If you want to post the code here I’ll be happy to look. I imagine the others here will as well.

GPU: I do a fair bit of compute shader work so have some experience with this. The answer is a big “maybe, but probably not.” If you have to read anything back from GPU memory to the CPU side then no, unfortunately this is still too slow on GPU to be very helpful unless your math is ridiculously heavy (even in my case the GPU would end up slowing things down just because of the data readback that would be required every frame, it’s a real bummer and limits me quite a bit).

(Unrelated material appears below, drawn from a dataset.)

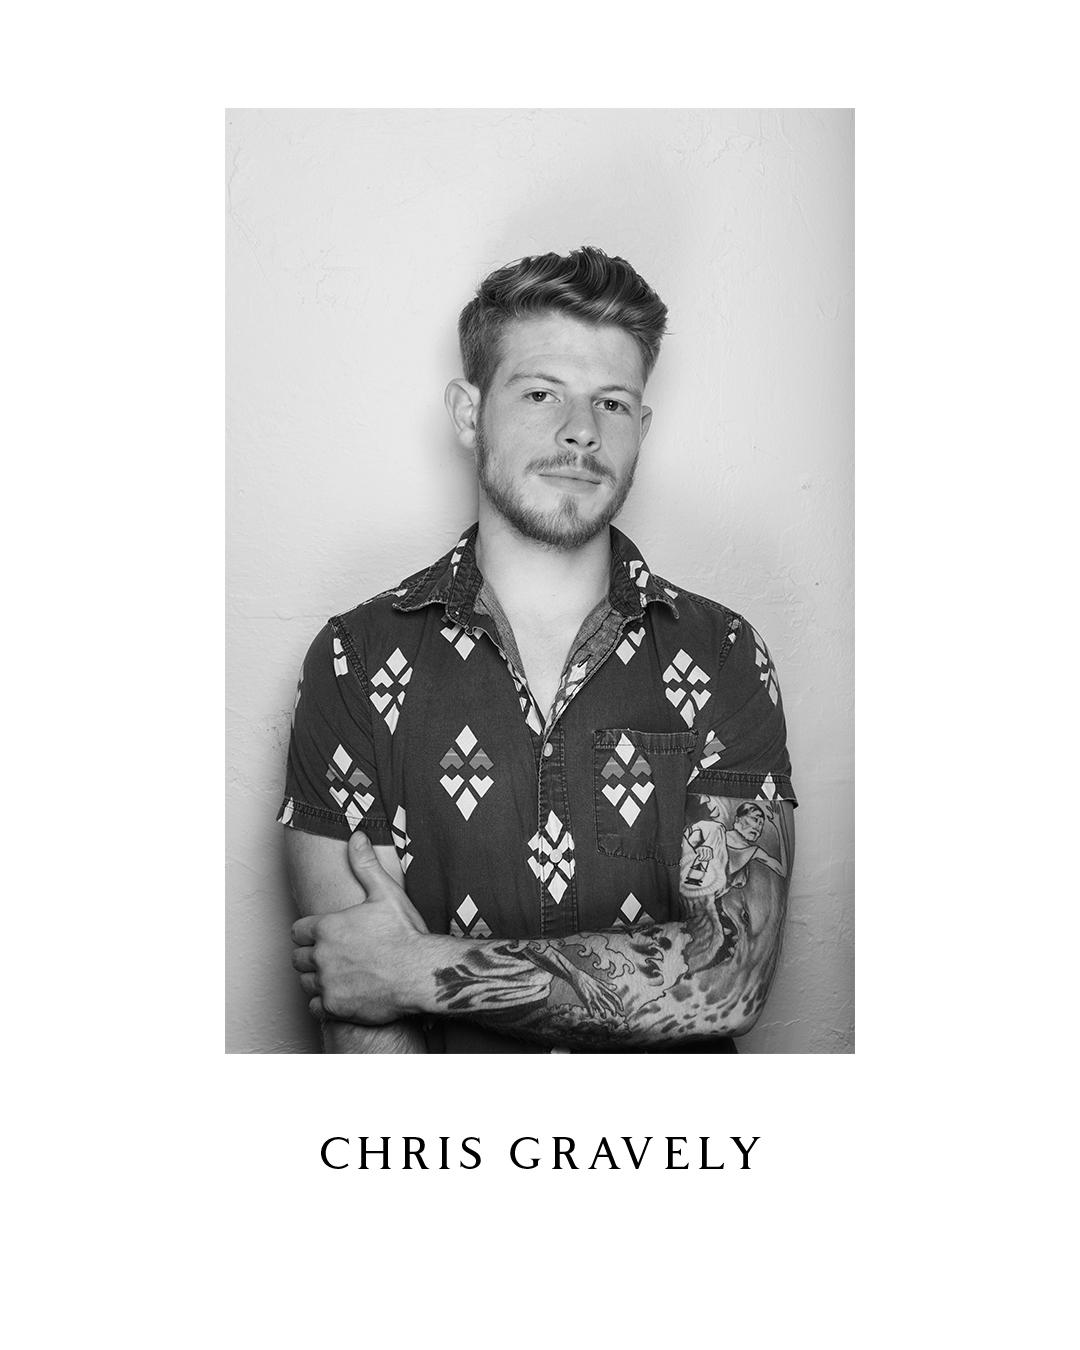 CHRIS GRAVELY - COMPOSER

It can take 10-15ms to do the first computeBuffer.GetData() call every frame even if you’re just pulling a single float out of the GPU which immediately limits you to a lower frame rate than you’re getting now. You can do stupendous amounts of work on the GPU in virtually zero time, but the readback to the CPU can kill you. So in your case you’re probably better off not wasting time with the GPU.

The GPU is also a lousy place to do logic, so by your description of your code with the “if” statements, it’s probably not a good GPU candidate anyway even if the data readback was fast. CPU rocks at logic, very fast, but the GPU is slow because the processors can only process one branch at a time, so a single “if” can cut the speed in half and you start to lose the benefit of the high level of parallelization on it. A couple years ago I wrote a really big compute shader with maybe three to five “if” statements in it. By doing some math tricks to get rid of those “ifs”, the whole thing sped up around 500%. It sounds like you probably have a lot of divergence, so it’ll probably be slow. The readback to the CPU side would kill you anyway if you have to do even one for any amount of data at all.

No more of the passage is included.